EC2 Subnet Auto-Assigns Public IPs
ec2-subnet-auto-public-ip
What this rule checks
Detects AWS::EC2::Subnet resources with MapPublicIpOnLaunch=true. Instances launched into the subnet inherit a public IP by default, which makes them internet-reachable without an explicit opt-in at the ENI level.
How to fix it
- 1Set MapPublicIpOnLaunch to false unless this is intentionally a public subnet
- 2Have instances opt into a public IP via the ENI configuration when needed
- 3Use VPC endpoints / NAT for outbound access from private subnets
import { App, Stack } from 'aws-cdk-lib';
import { Construct } from 'constructs';
import * as ec2 from 'aws-cdk-lib/aws-ec2';
const vpc = new ec2.CfnVPC(this, 'Vpc', { cidrBlock: '10.0.0.0/16' });
// FLAGGED: every instance launched here inherits a public IP.

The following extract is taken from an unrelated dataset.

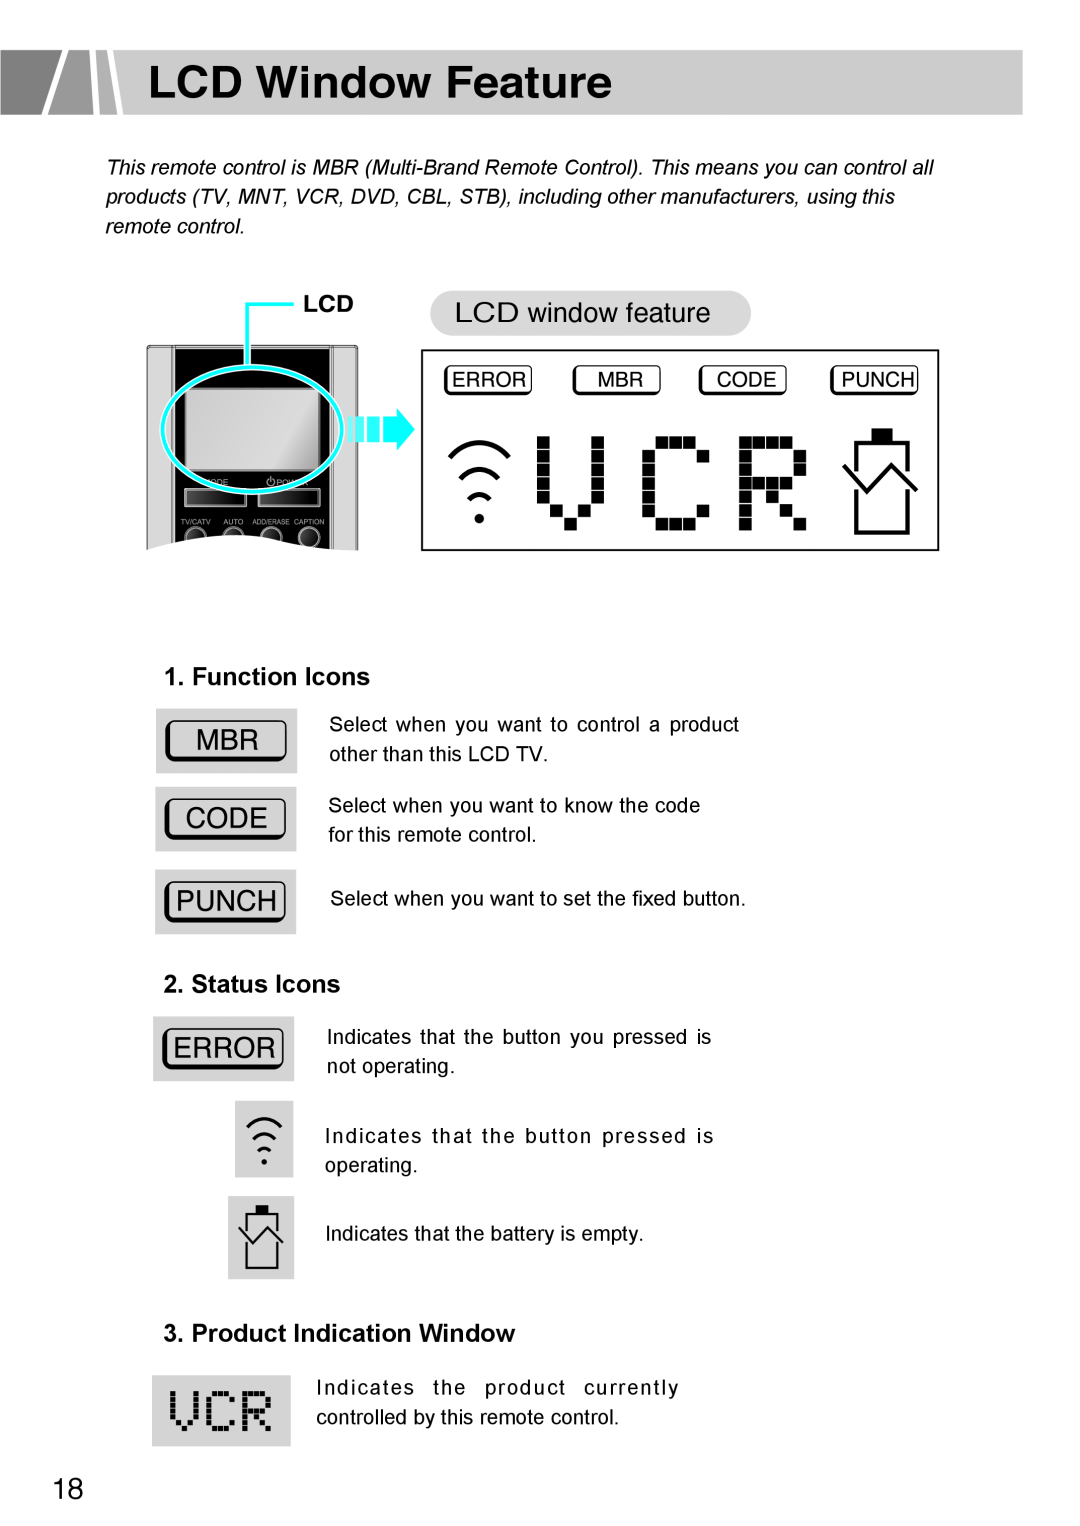 Humax L3040 owner manual LCD Window Feature, Function Icons, Status Icons, Product Indication Window, LCD window feature

new ec2.CfnSubnet(this, 'Subnet', {
vpcId: vpc.ref,
cidrBlock: '10.0.1.0/24',
mapPublicIpOnLaunch: true,
});import { App, Stack } from 'aws-cdk-lib';
import { Construct } from 'constructs';
import * as ec2 from 'aws-cdk-lib/aws-ec2';
const vpc = new ec2.CfnVPC(this, 'Vpc', { cidrBlock: '10.0.0.0/16' });
// FIXED: subnet keeps the safe default (no auto-assigned public IPs).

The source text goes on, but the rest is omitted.